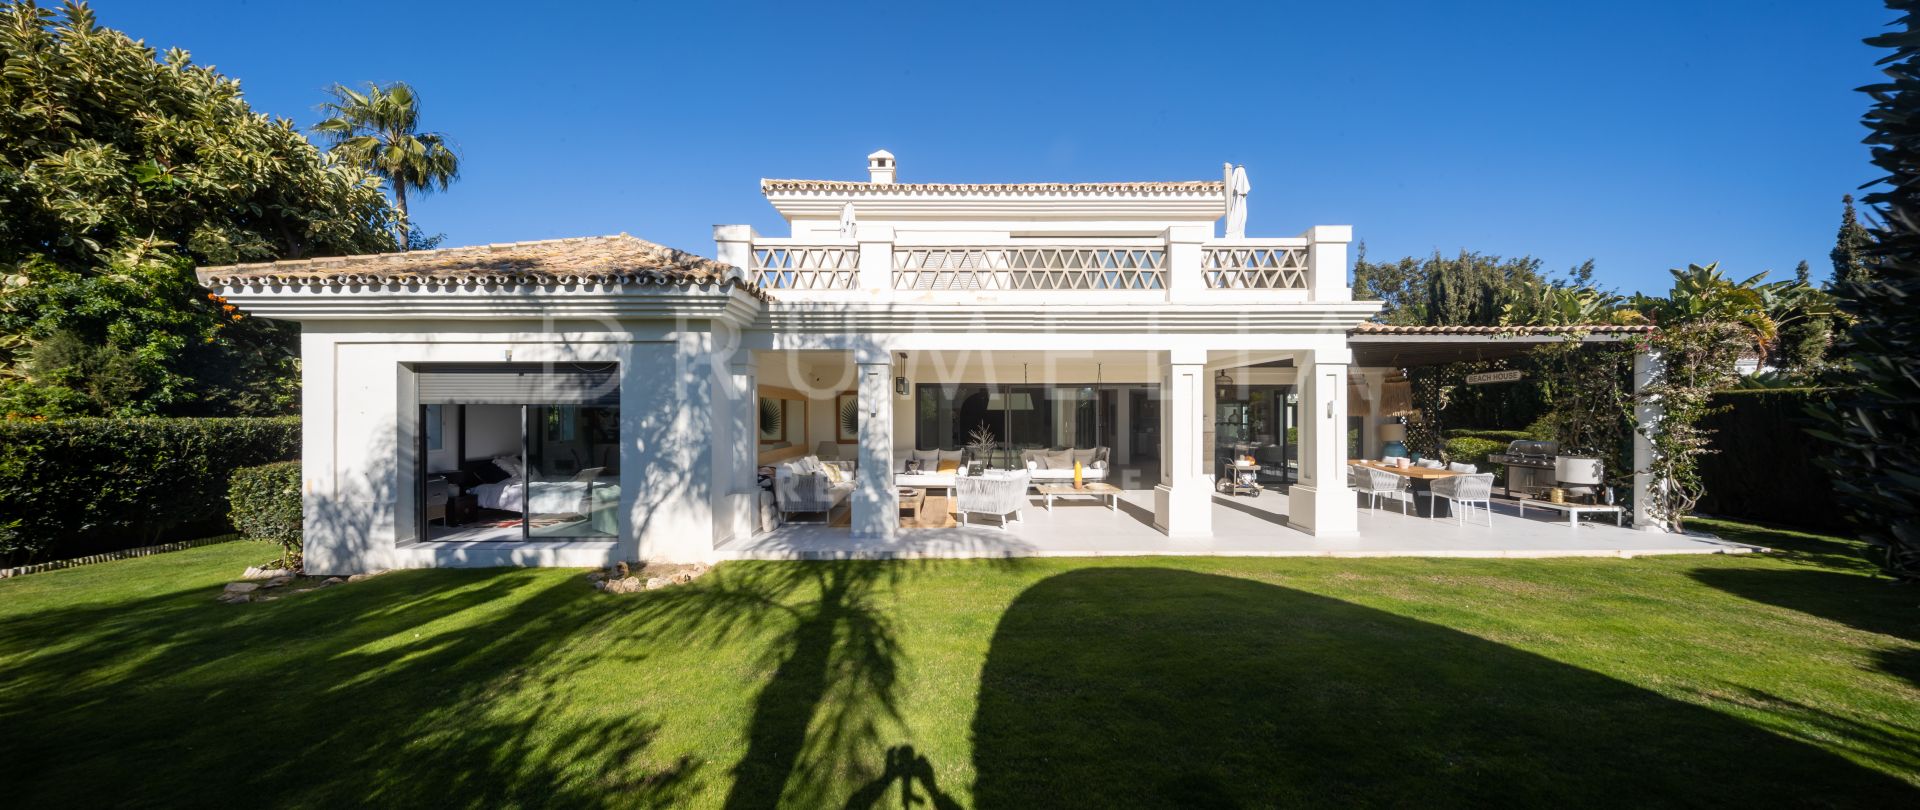 Impressionnante villa de luxe au style méditerranéen et aux caractéristiques modernes à Casasola.
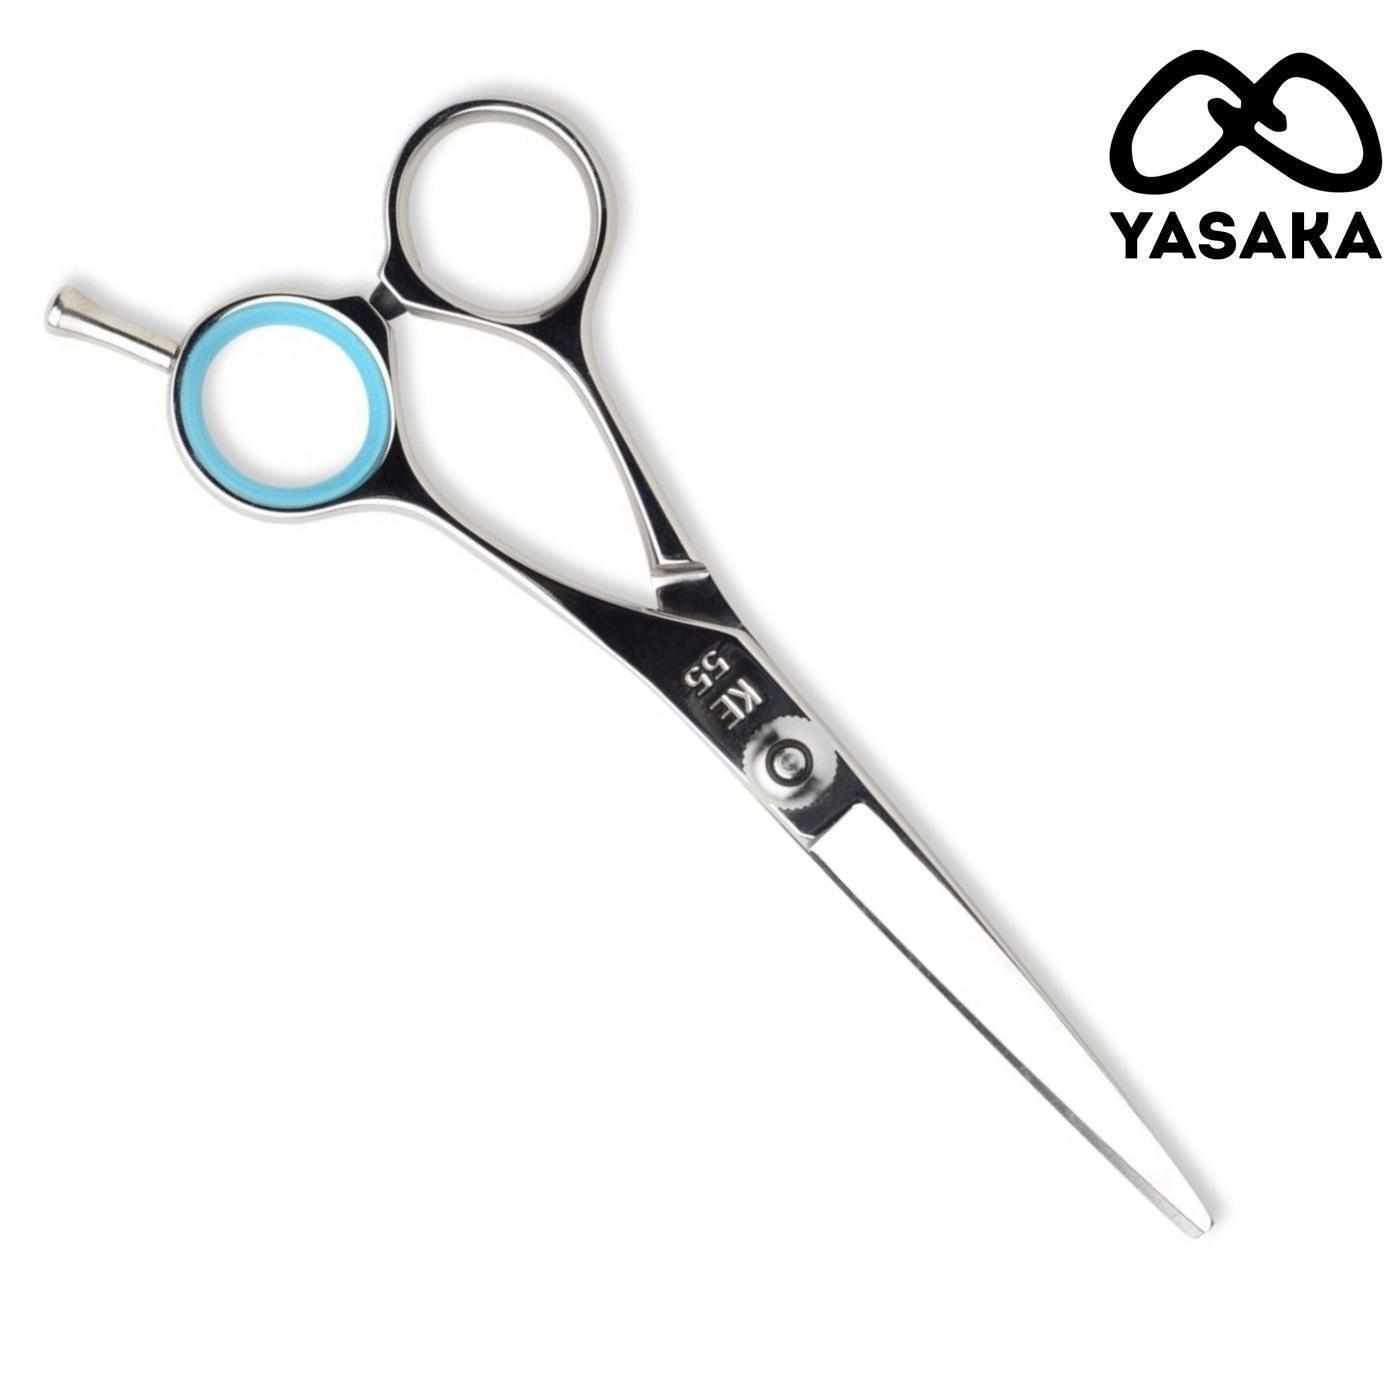 Yasaka KE Hair Cutting Scissors - Japan Scissors USA
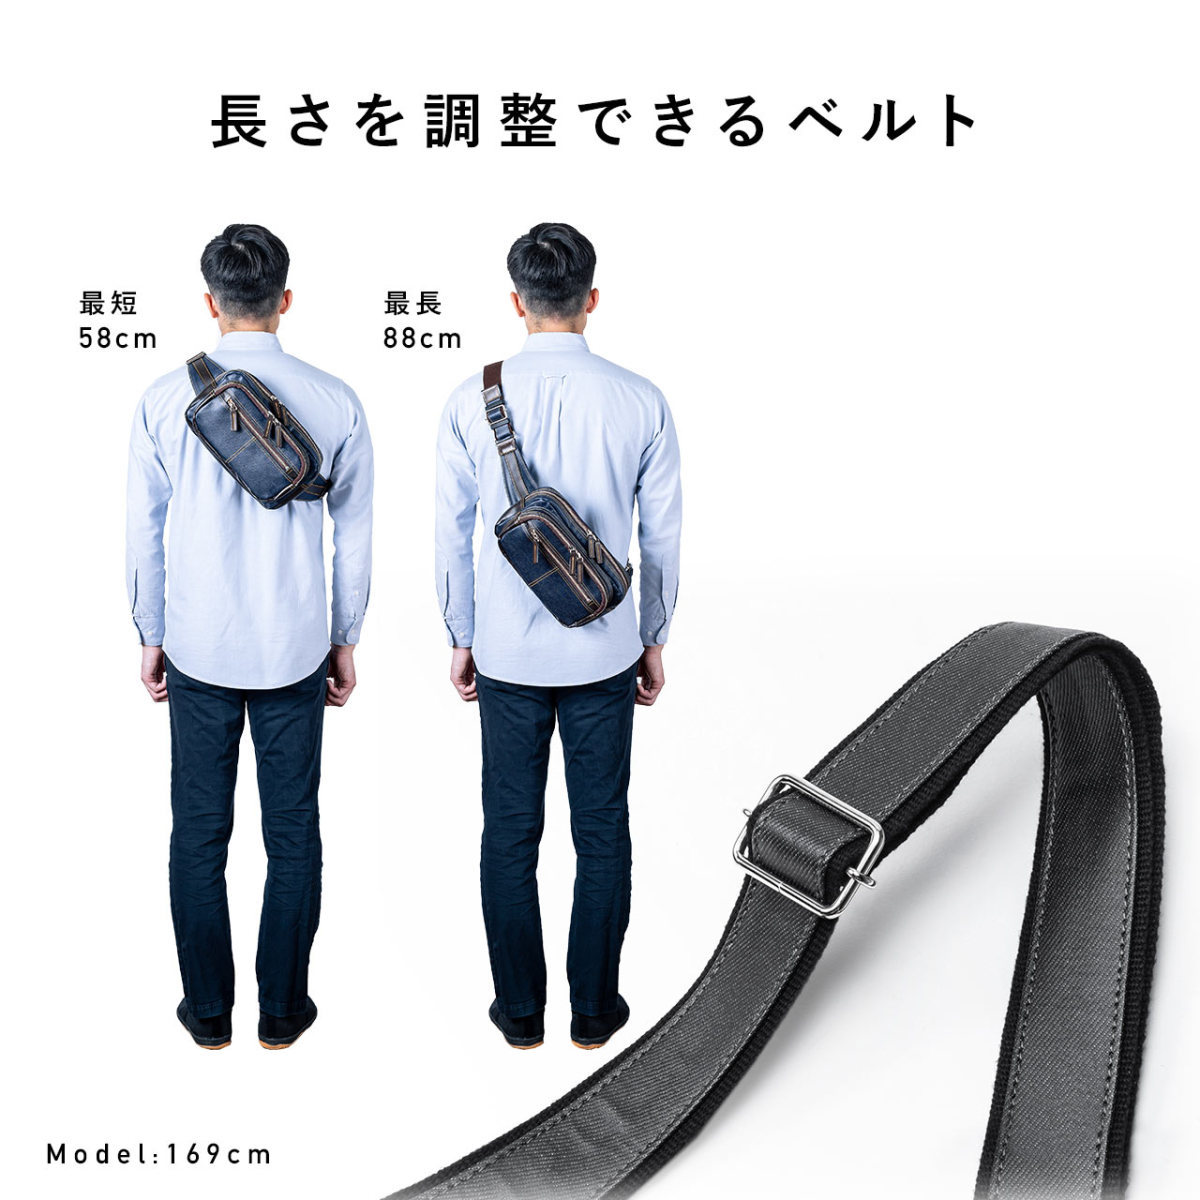 ボディバッグ メンズ ショルダーバッグ 簡易防水 撥水 日本製 豊岡鞄 デニム 斜めがけ メッセンジャー ウエストポーチ 小さめ バック
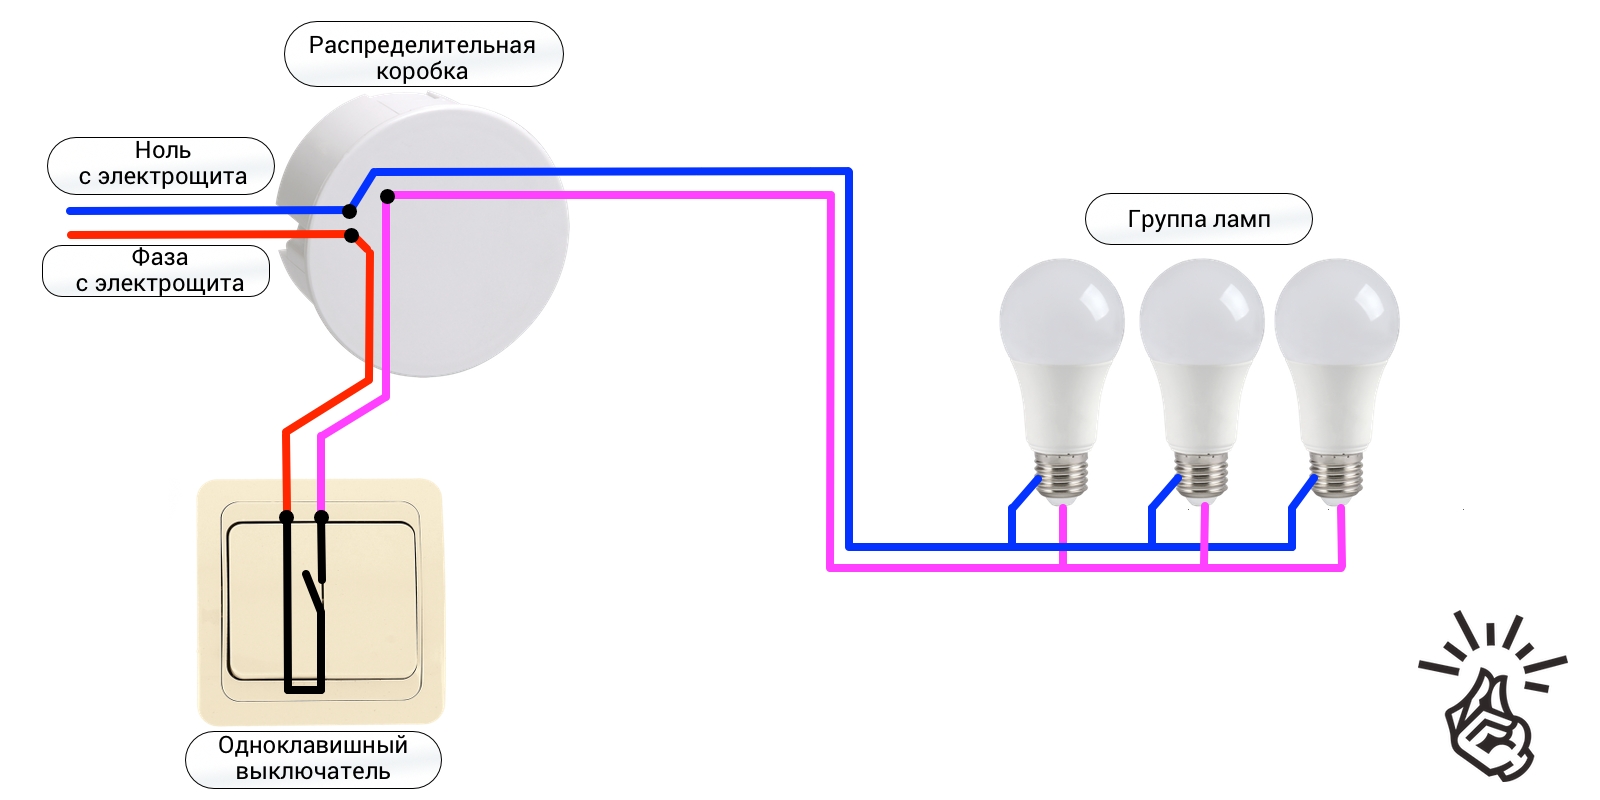 Пошаговая инструкция подключения одноклавишного выключателя

WORK TASK
Write the material out again exactly. Skip each picture.

SOLVED PROBLEM
 Impressionnante villa de luxe au style méditerranéen et aux caractéristiques modernes à Casasola.
 Yasaka KE Hair Cutting Scissors - Japan Scissors USA
 ボディバッグ メンズ ショルダーバッグ 簡易防水 撥水 日本製 豊岡鞄 デニム 斜めがけ メッセンジャー ウエストポーチ 小さめ バック
 Пошаговая инструкция подключения одноклавишного выключателя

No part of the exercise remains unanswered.